Source material: Begin
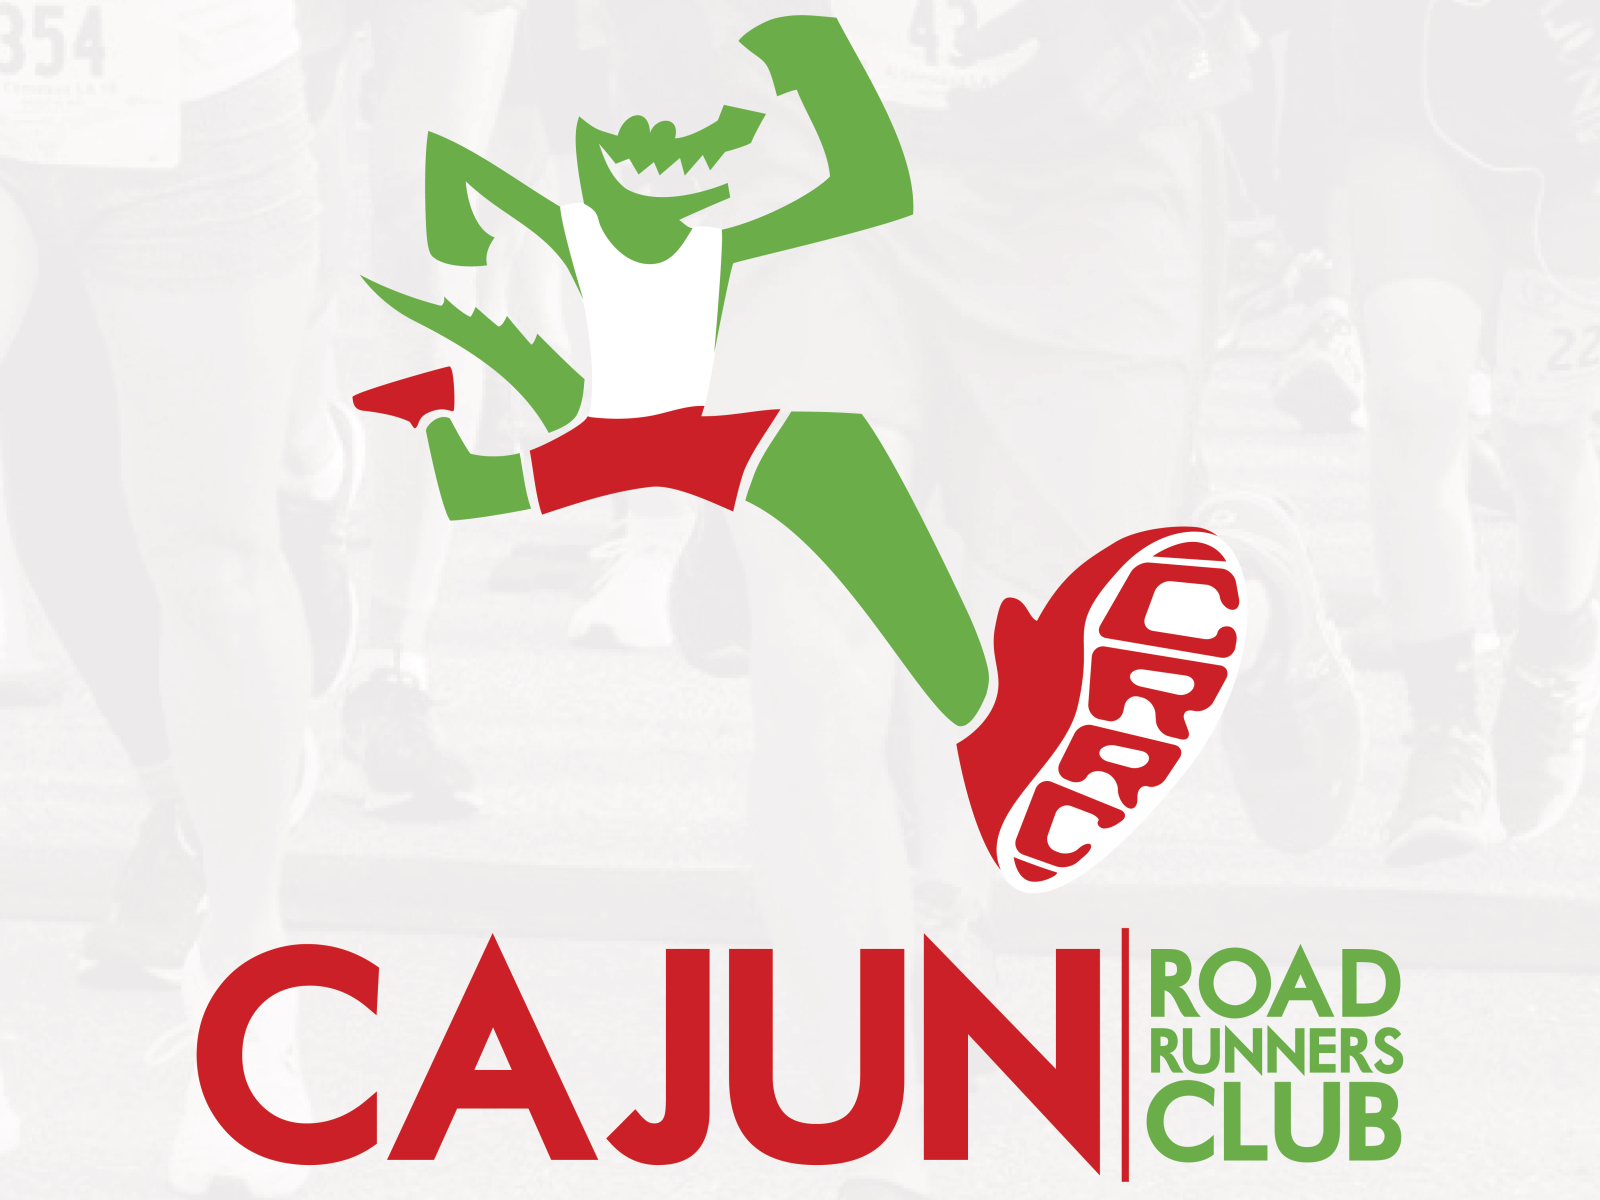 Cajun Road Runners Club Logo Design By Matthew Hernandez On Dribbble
Source material: End
Source material: Begin
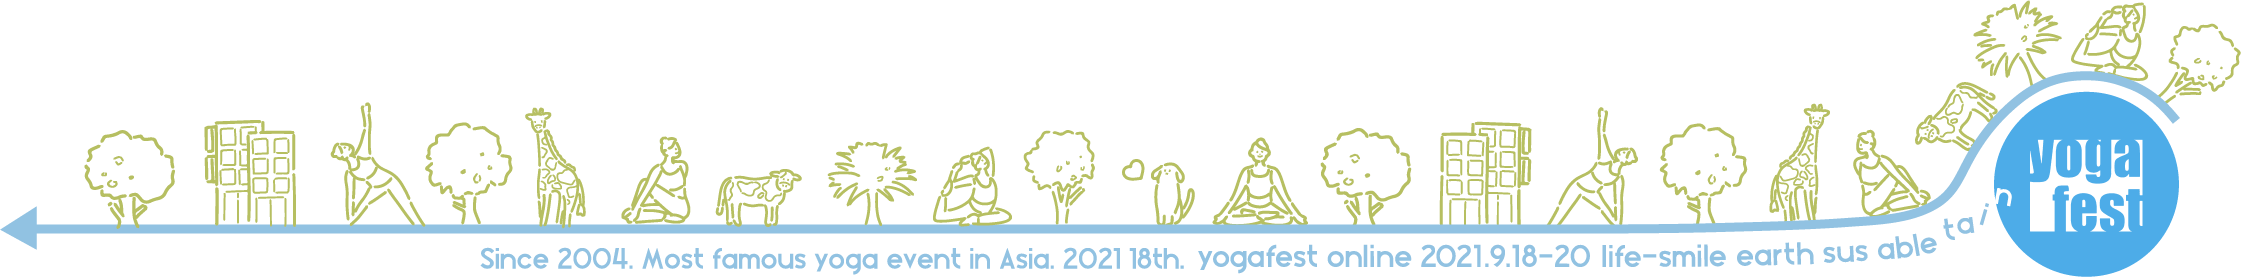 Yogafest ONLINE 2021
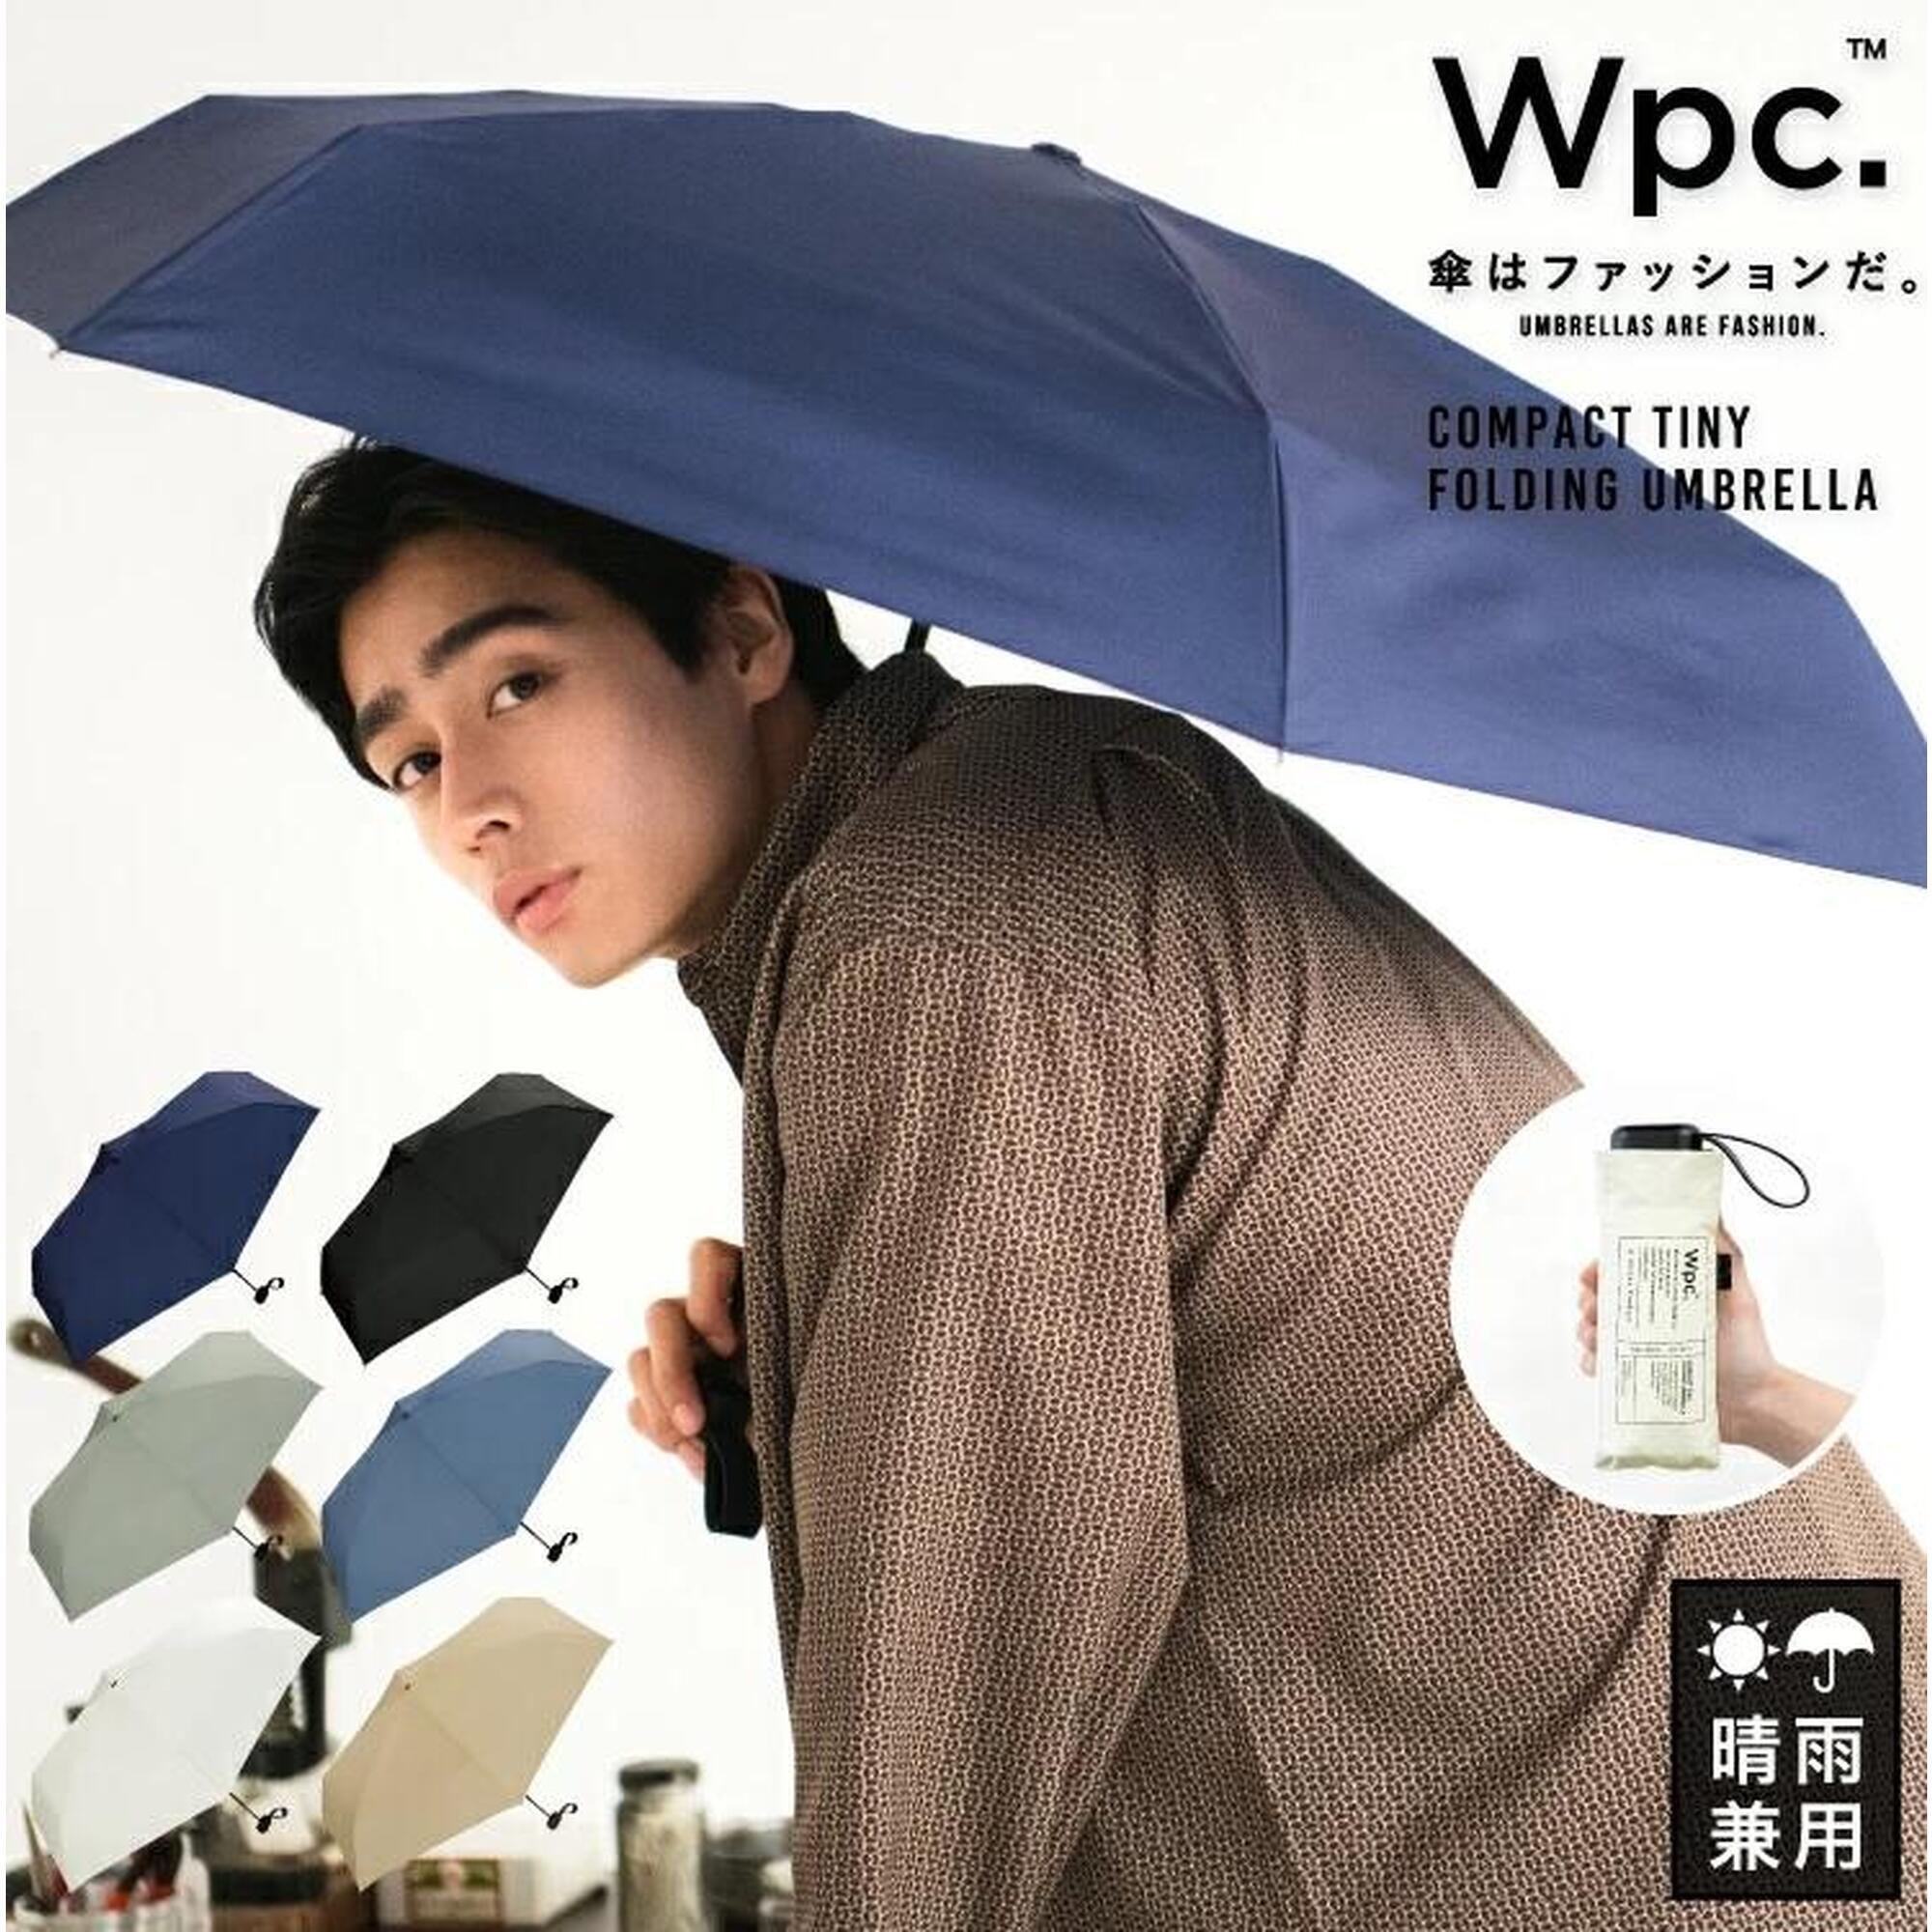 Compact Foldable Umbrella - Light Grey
Source material: End
Source material: Begin
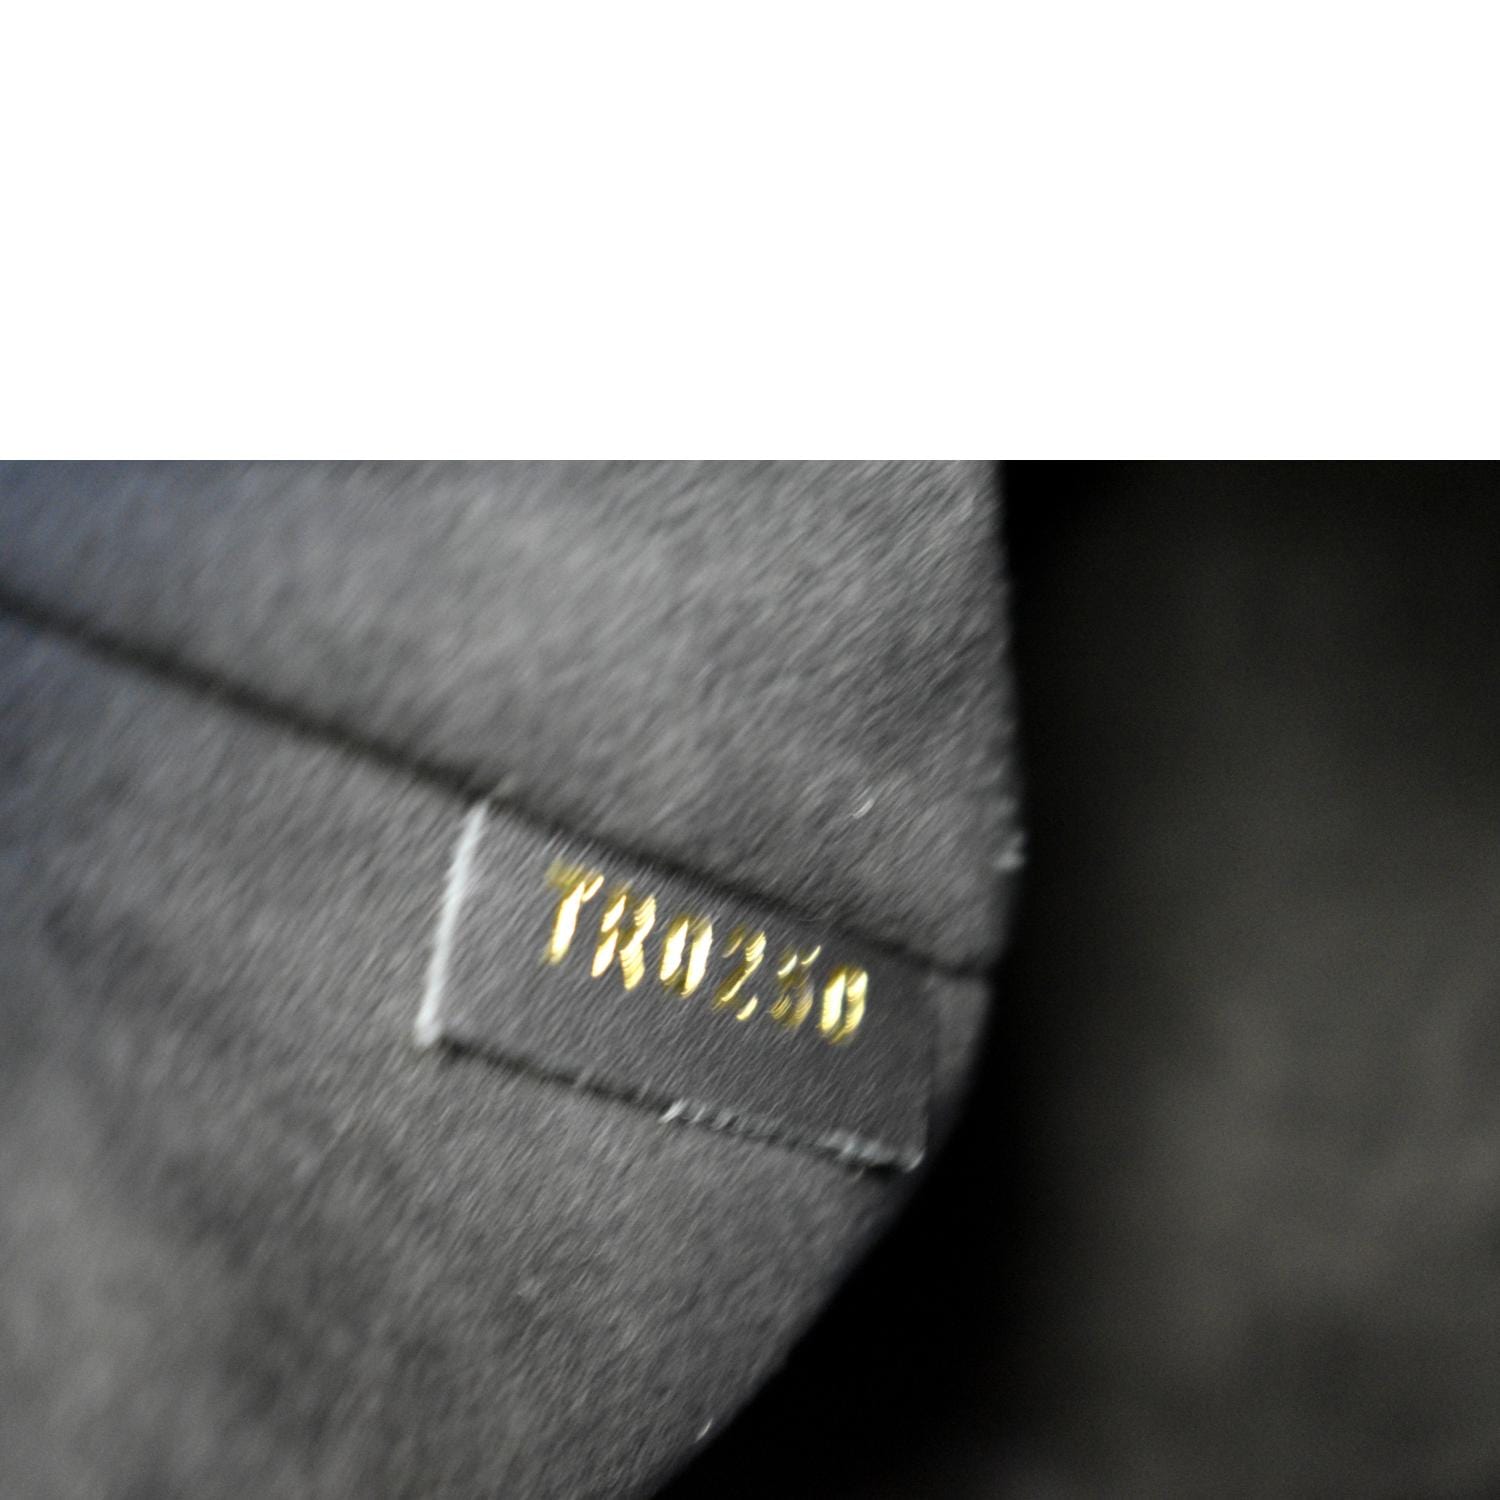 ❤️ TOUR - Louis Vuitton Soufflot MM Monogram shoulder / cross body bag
Source material: End
**Assignment**: Since the pictures are not part of the copy, please transcribe only the lines above from the one with "Yogafest ONLINE 2021" through the one with "Compact Foldable Umbrella - Light Grey", exactly and with both ends.

**Result of this exercise**:
 Yogafest ONLINE 2021
 Compact Foldable Umbrella - Light Grey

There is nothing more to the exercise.